Use LightGBM to implement classification models in data mining based on GBDT - AnalyticDB

In data mining scenarios such as advertisement click prediction, game user payment or churn prediction, and automatic email classification, you need to train classification models based on historical data to predict subsequent behaviors. You can use AnalyticDB for MySQL Spark and LightGBM to train Gradient Boosting Decision Tree (GBDT) models for data classification and prediction. Compared with XGBoost and CatBoost on a single device, LightGBM on Spark leverages distributed computing to efficiently process TB-scale data.

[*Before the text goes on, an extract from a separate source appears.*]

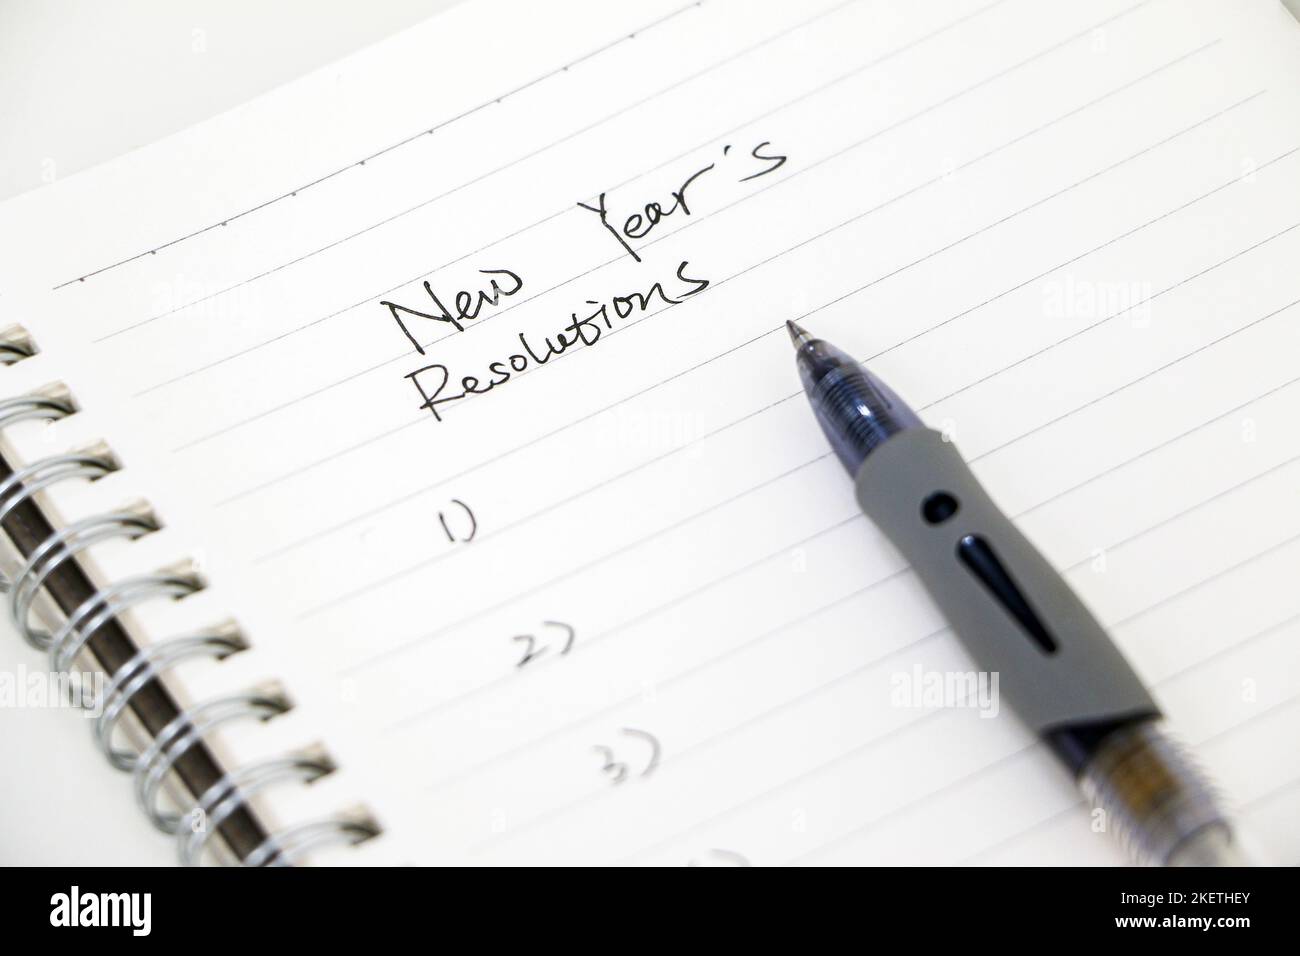 Neujahrsvorsätze schreiben, Liste auf weißem Notizblock mit Kugelschreiber. Ziele für das neue Jahr setzen. Stockfoto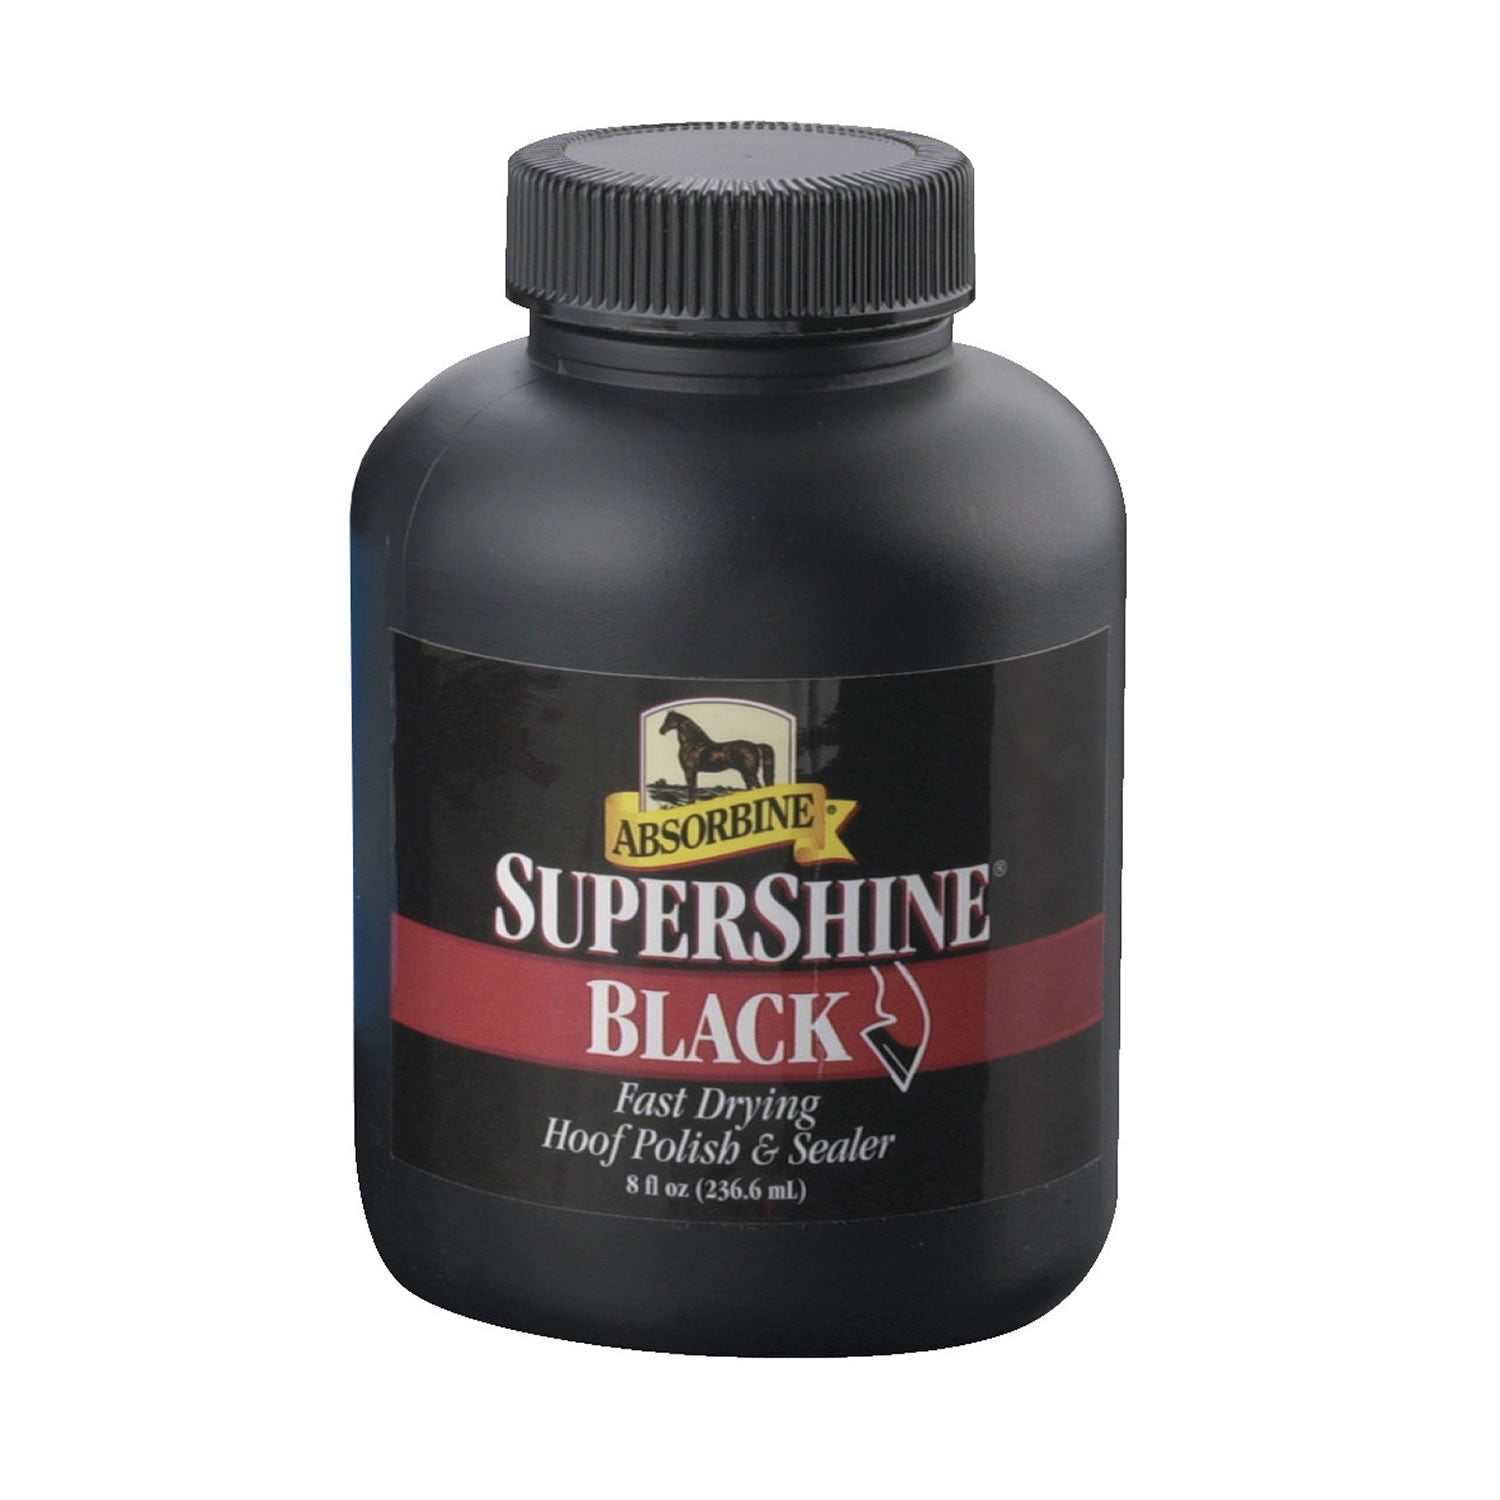 Absorbine Supershine Black Hoof Polish 237ml

This topic describes how to train GBDT models by using LightGBM for effective data classification and prediction.

Prerequisites

An AnalyticDB for MySQL Enterprise Edition, Basic Edition, or Data Lakehouse Edition cluster is created.
An Object Storage Service (OSS) bucket is created in the same region as the AnalyticDB for MySQL cluster.
A job resource group is created for the AnalyticDB for MySQL Enterprise Edition, Basic Edition, or Data Lakehouse Edition cluster.
A database account is created for the AnalyticDB for MySQL cluster.
- If you use an Alibaba Cloud account, you need to only create a privileged account.
- If you use a Resource Access Management (RAM) user, you must create a privileged account and a standard account and associate the standard account with the RAM user.

Procedure

Step 1: Prepare and upload Maven dependencies to OSS

Use one of the following methods to obtain Maven dependencies:

Download the JAR package of Maven dependencies.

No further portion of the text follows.